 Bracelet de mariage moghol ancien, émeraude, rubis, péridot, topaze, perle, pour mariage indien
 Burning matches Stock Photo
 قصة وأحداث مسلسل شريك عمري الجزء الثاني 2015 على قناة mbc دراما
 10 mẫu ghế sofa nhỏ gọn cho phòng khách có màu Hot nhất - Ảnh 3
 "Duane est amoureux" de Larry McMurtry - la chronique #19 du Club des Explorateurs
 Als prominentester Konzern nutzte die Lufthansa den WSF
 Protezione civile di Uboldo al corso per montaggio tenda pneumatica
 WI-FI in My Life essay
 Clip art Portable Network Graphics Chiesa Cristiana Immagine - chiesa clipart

### Problem details
Each record above must be transcribed exactly, and none may be skipped.

### Answer box
 Bracelet de mariage moghol ancien, émeraude, rubis, péridot, topaze, perle, pour mariage indien
 Burning matches Stock Photo
 قصة وأحداث مسلسل شريك عمري الجزء الثاني 2015 على قناة mbc دراما
 10 mẫu ghế sofa nhỏ gọn cho phòng khách có màu Hot nhất - Ảnh 3
 "Duane est amoureux" de Larry McMurtry - la chronique #19 du Club des Explorateurs
 Als prominentester Konzern nutzte die Lufthansa den WSF
 Protezione civile di Uboldo al corso per montaggio tenda pneumatica
 WI-FI in My Life essay
 Clip art Portable Network Graphics Chiesa Cristiana Immagine - chiesa clipart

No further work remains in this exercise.